The Turks had come and in their midst was a weapon never before seen nor used in Christian lands: a prodigiously colossus cannon, built by a heretic from Hungary named Urban who engineered the contrivance for the enemies of God the Turks. The monstrous machine was twenty seven feet long, a muzzle eight inches wide, and so heavy was it that when it was seen by the terrified Christians it came toward them being carried by sixty oxen and seven hundred men. No wall in the world was strong enough to withstand it, no man of war to prevail over it.

As the rays of the sun dissipated darkness of eve, a shot was fired which struck the soul with a harrowing sound, and a one thousand two hundred pound ball crashed into the city walls. But still there stood the emperor Constantine with sword in hand, ready to lead his men. (See Carroll, A History of Christendom, vol. iii, ch. xiii, pp. 565-7)  

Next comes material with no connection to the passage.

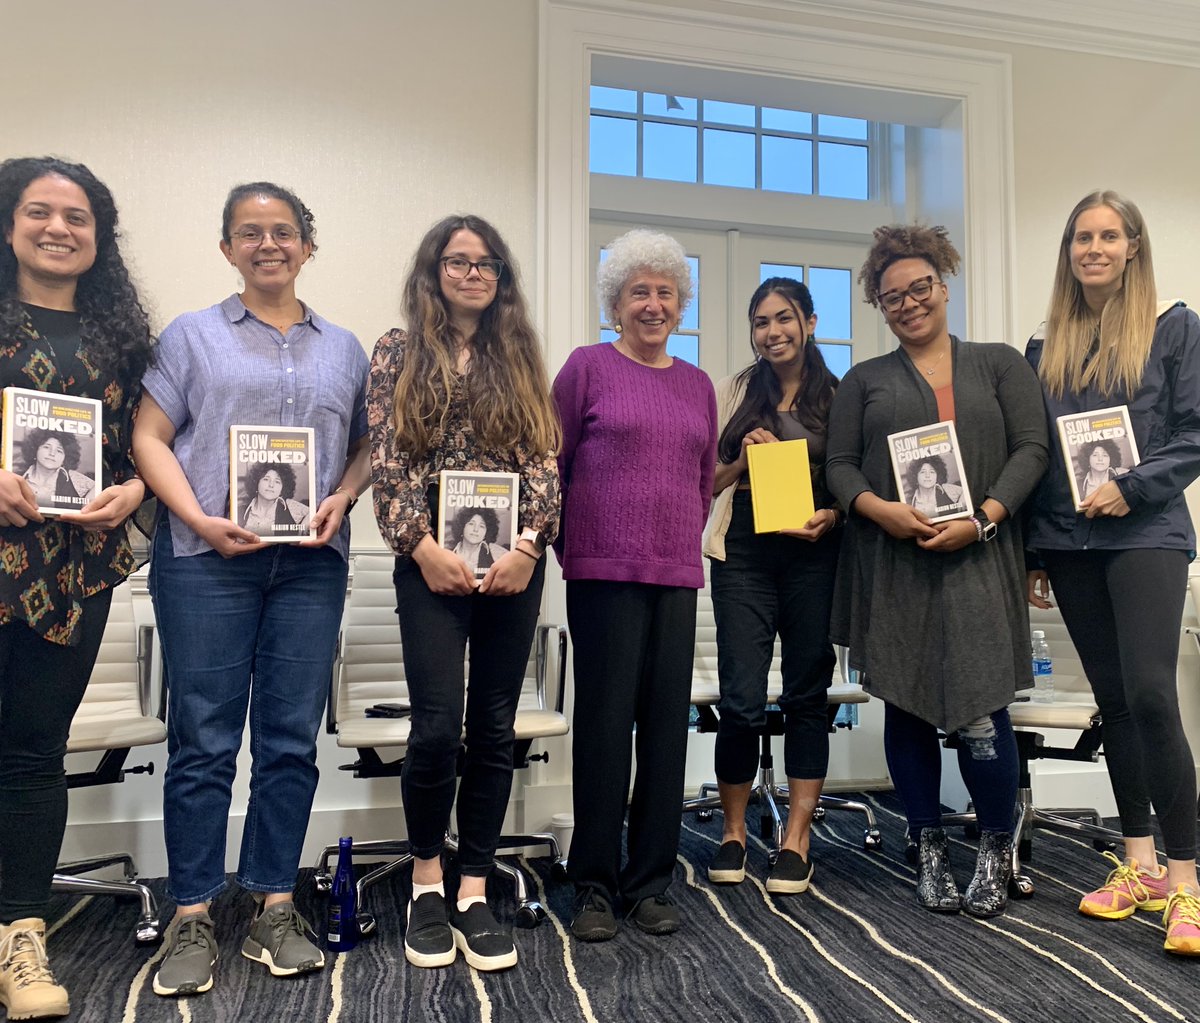 📚🍲 What a delicious journey! Our Cornell DNS book club had an amazing time reading 'Slow Cooked: An Unexpected Life in Food Politics' with the brilliant author @marionnestle. From farm to table, she serves up a thought-provoking blend of food and politics. #FoodPolitics

The Turks rushed the walls and from the ground did numberless scaling ladders ascend against the city. The sounds of battle and death was drowned by the Turkish bands who pounded their drums and blew their trumpets. (See Gibbon, Decline, and Fall, vol. v, ch. lxviii, p. 1211)  Mehmet was amongst his troops with a sadistic dispossession as he brandished an iron mace and vociferously forced his archers to attack the walls. As the wicked growled in fury, the Christians held their holy icons around the walls and through the city in procession. (See Carroll, A History of Christendom, vol. iii, ch. xiii, p. 566)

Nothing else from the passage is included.